Para dar comienzo la corrida de toros, la quinta Presidenta acompañada de las quintas, vestidas con el traje regional segoviano, se subían al balcón del Ayuntamiento a ocupar el lugar de la Presidencia, desde donde contemplaban el paseíllo que se iniciaba con el espejo plaza sobre su montura, los toreros con su cuadrilla, el picador y detrás las mulillas con los mulilleros. Tras el paseíllo, el espejo plaza se acercaba al balcón de la Presidencia, se descubría y la Presidenta dejaba caer la llave dentro del sombrero y con ella daba la vuelta a la plaza para entregársela al alguacil. Se abría el toril y salía el primero de los seis toros que se iban a lidiar esa tarde de carnaval. Lo recibía el matador con una manta como capote, le ponían las banderillas, cambiaba de tercio, el torero entraba a matar con la muleta, que era una tela roja con un palo, y, terminada la faena, entraban las mulillas para llevarse el toro muerto. Del animal quedaba en el suelo el armazón cubierto, pues los quintos salían corriendo cuando se sabían vencidos. Recuerda Ángel que el toro se iba hacia el público y sobre todo hacia las mozas, más que al torero.
Y como en toda tarde de toros que se precie, el público se llevaba merienda. “Unos en las alforjas sobre una burra y otros llegaban a la plaza con el carro, bajaban el dornajo y el cesto con escabeche de chicharro, huevos fritos, chorizo y las botijas, y merendaban viendo la vaquilla”.
Durante la dictadura de Franco se mantuvo esta celebración y la figura del remudao, que era un personaje ataviado con un saco viejo relleno de pajas y “anguares” desastrados. La única prohibición fue la de cubrirse el rostro con máscaras para evitar venganzas o la comisión de delitos al no poder ser identificados.
Actualmente la vaquilla de carnaval se celebra el sábado anterior al Domingo Gordo, y al simulacro de la siembra se ha incorporado la exhibición de oficios como el de lavandera y el de resinero.

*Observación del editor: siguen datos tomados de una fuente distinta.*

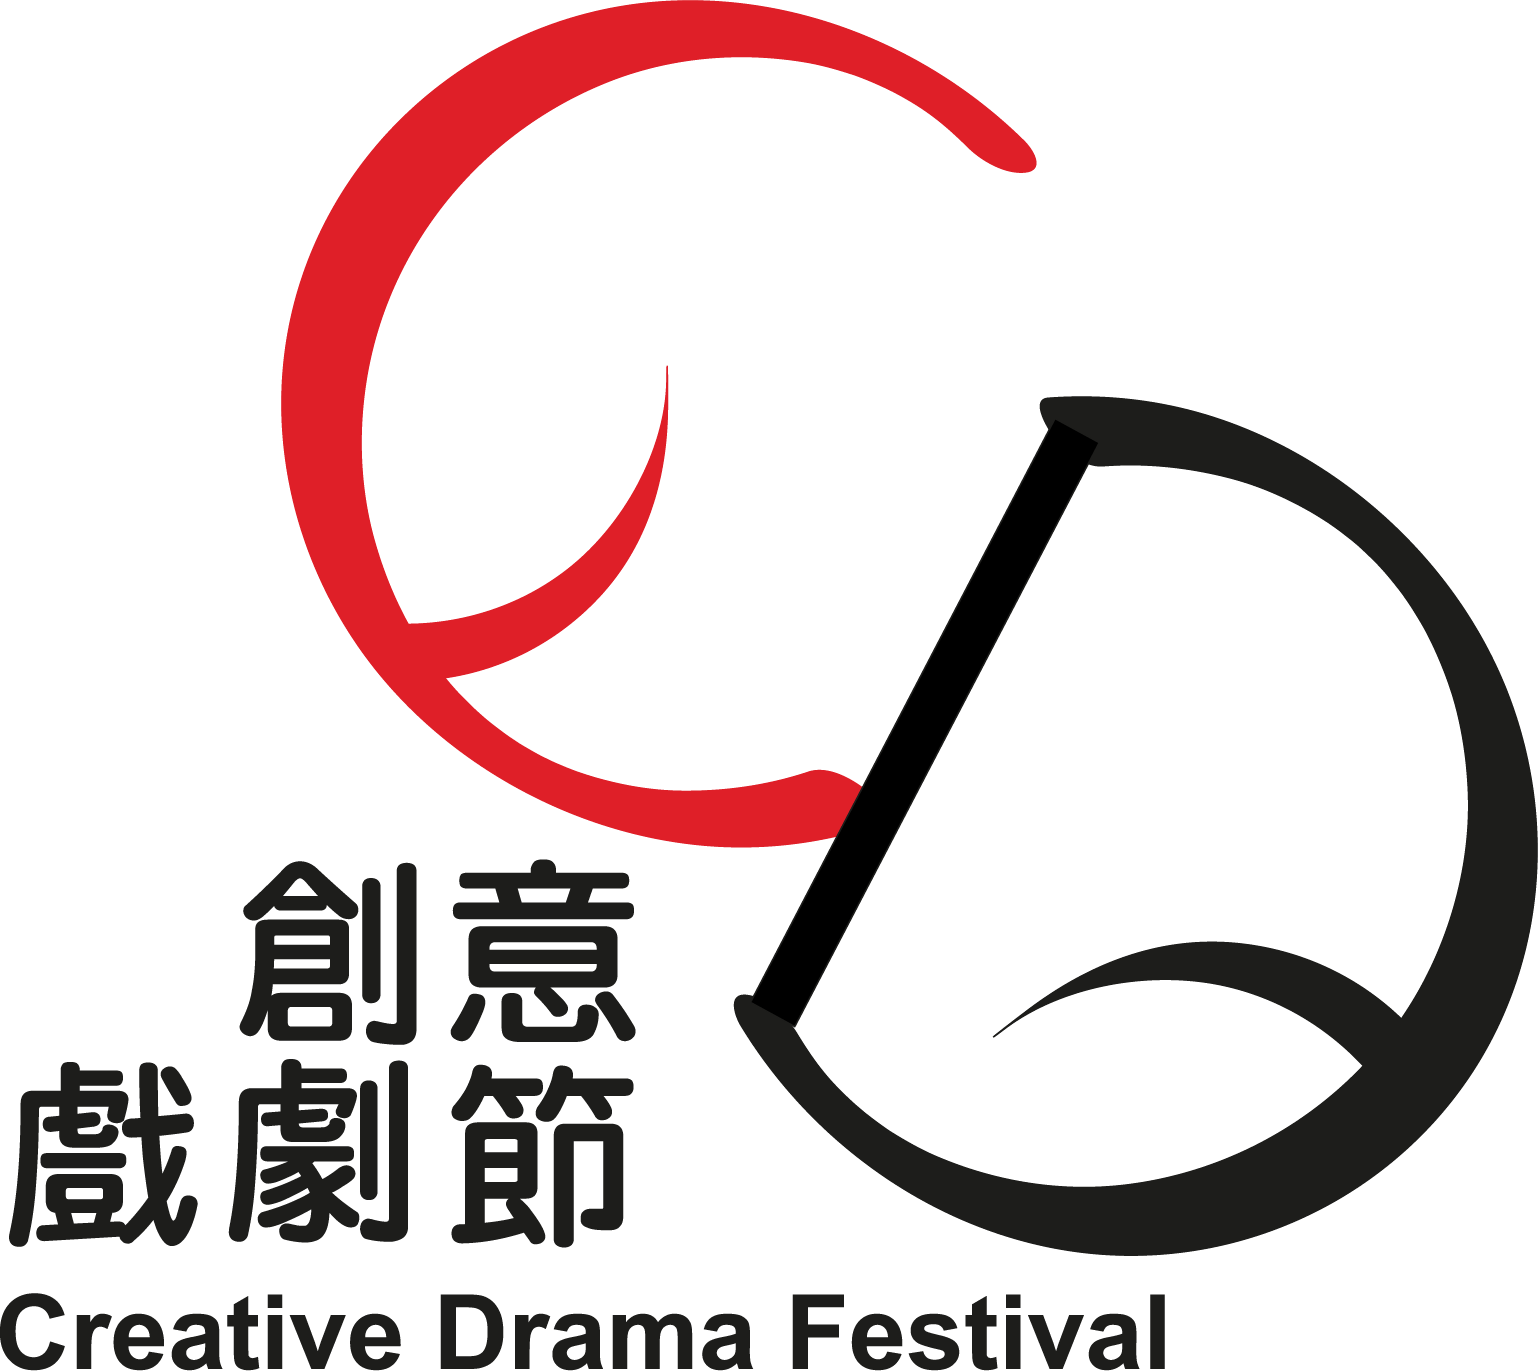 Hong Kong Creative Drama Festival

Siguiendo el programa de esta fiesta, con el peso que le confiere ser casi centenaria, los quintos lidian la vaquilla de carnaval que conserva su armazón y cornamenta pero ahora luce una tela negra. En ocasiones, haciendo gala de la transgresión de las normas, los quintos intercambian los papeles: ellos presiden la corrida de toros vestidos con el traje regional segoviano y entregan la llave al espejo plaza tras el paseíllo, y ellas ejecutan las suertes de la lidia con sus trajes de luces.
La plaza de toros se instala en el Salón Multiusos El Trinquete con toriles, burladeros y Puerta Grande hechos de madera y cartón y el coso se cubre de arena. Después de la corrida de toros se sueltan de nuevo las vaquillas para que los más avezados tomen la alternativa.
“El pueblo colabora en la exhibición de los oficios y cuando el número de quintos es insuficiente, en lo que se precise”, explica Daniel Sacristán, concejal de Cultura de Fuenterrebollo. “Es una tradición de obligado y deseado cumplimiento en el programa de carnavales, es un retazo de nuestra historia y eso nos lleva cada año a sacar las vaquillas y celebrar esta fiesta de la manera más fiel”.
——
María Reyes Sanz Sancho es periodista.